The sun was almost out by then. Her sharp eyes caught the rays peeking inside her kitchen. As she switched the first dosa out of the stove and established the second one to cook, she hurried to wake up her children.

By the time she was back, it was burnt on one side; but she just kept it separately to have it later and take one for the team. She just doesn’t take one, she takes all for the team; she is the ‘team’.

Her mother-in-law walked into the morning venture before she could lose her mind with all the surrounding fuzz. Handling over the breakfast work to the old woman, she trotted towards her kids.

Still, she had to bathe the little one to get ready for school, who was running around the house in small blue underwear. She was as adorable as she could be, fluttering around like a free bird.

Drying up the little one after her warm bath, she dashed to fill up all the Tiffin boxes and likewise to serve the breakfast hot onto the dining table.

At the feasting table, the elder son had his mobile on one hand and a piece of dosa half soaked in chutney on the other.

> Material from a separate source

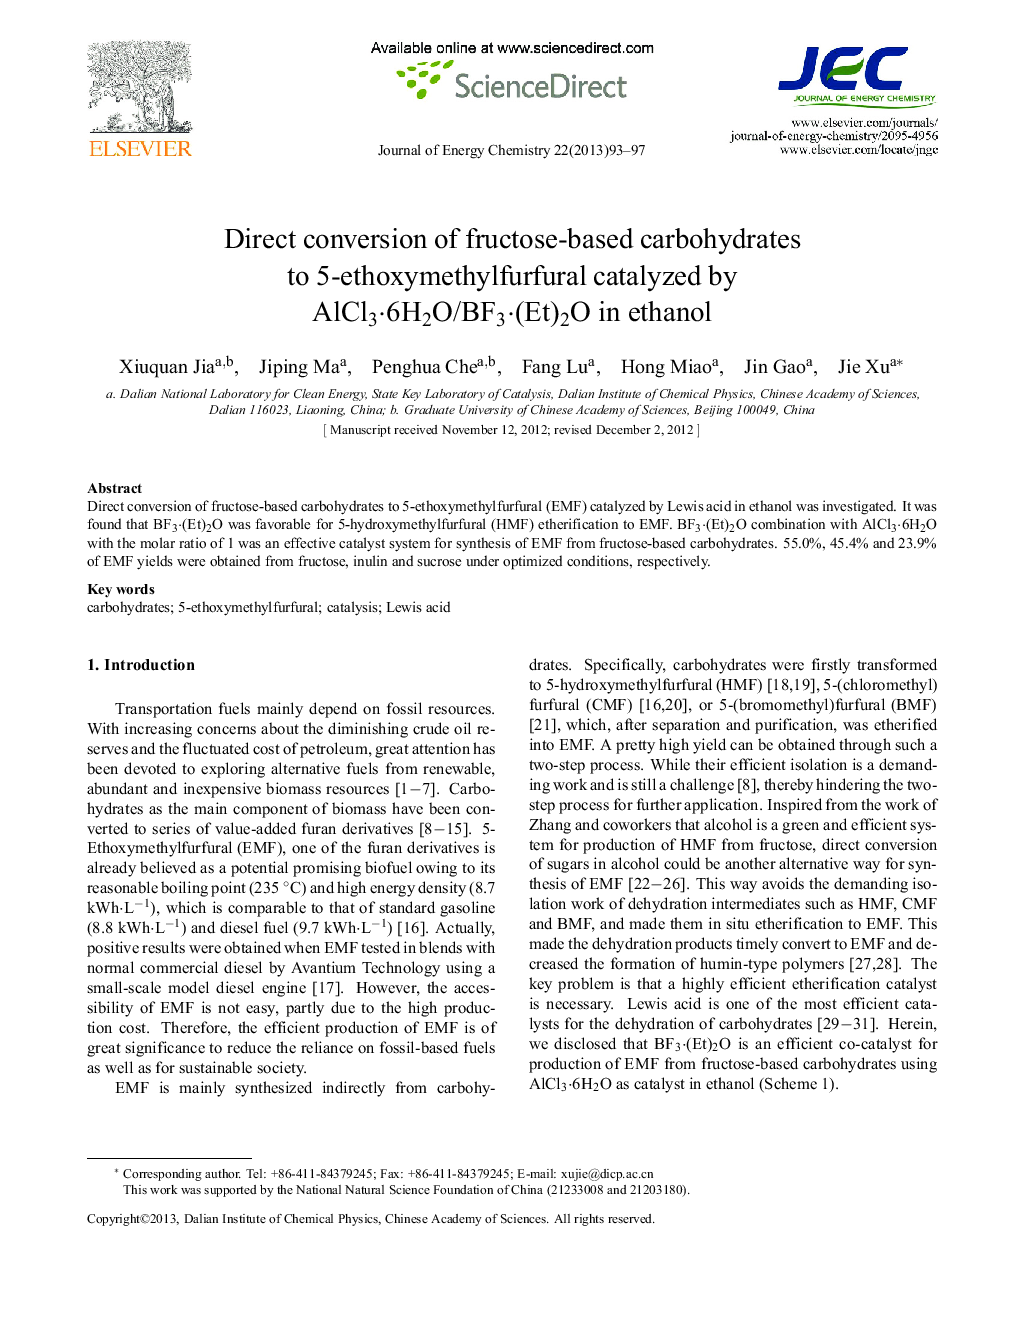 Direct conversion of fructose-based carbohydrates to 5-ethoxymethylfurfural catalyzed by AlCl3·6H2O/BF3·(Et)2O in ethanol

The father was struggling between his shoes and his bulging belly; and the small kid was running around him like a colorless butterfly. 

The big boy was taking off for college and she ran towards him to hand him the lunch packet along with some money that she seldom took from her spouse’s pocket.

 He picked them both from her hands and strolled away in silence, with his eyes hooked on the screen. If only he realized that there was a vast world outside the five-inch screen.

She knew he loved her, even though all the hugs and kisses she got when he was at school had faded into mere thoughts; along with his funny bye-bye wave in which he swayed both his head and hand simultaneously.

She knew he had just grown up, that’s all. She loved him, too.

At a distance, amidst a selfless cloud of disturbances, a mind would have voiced the same thoughts. “Love you too, Amma”. She was sweating heavily, and the already wet corner piece of her brown saree couldn’t make any difference.

As she passed the shattered mirror hanging by the windowpane, she noticed she didn’t have her bindi on. The crimson dot on her forehead symbolized the status of a woman under her second roof.

She rushed to their room and placed a tweak of crimson powder on her forehead exactly in the midst. She adjusted it perfectly in between her eyebrows like she balanced the family each day.

The old scooter rustled up gently in the shed, puffing smoke out of the silencer, like in the kitchen furnace.

Hearing the engine’s shriek, she rushed to the door, half visible, and waved her husband and kid, again and again, till she could hear the rattling sound of the engine make its way around the far-away corner of the street.

She stood there and smiled happily. For her, the job had just begun. She took the tail of her saree and secured it into her waist, wiped off the dripping sweat drops, and went inside the house, her home.

She is a wife, a mother, a woman. She is an Indian housewife. Surely Mother is, undoubtedly, the God, the one and only, if there is one.

“matha pitha gurur deivam “

The End.

Dedicated to the unknown superhero of the Indian houses and all Ammas ...hats off to their hard work and dedication and love. To all mothers out there, we love you...we just don’t show it, that’s all. Thank you.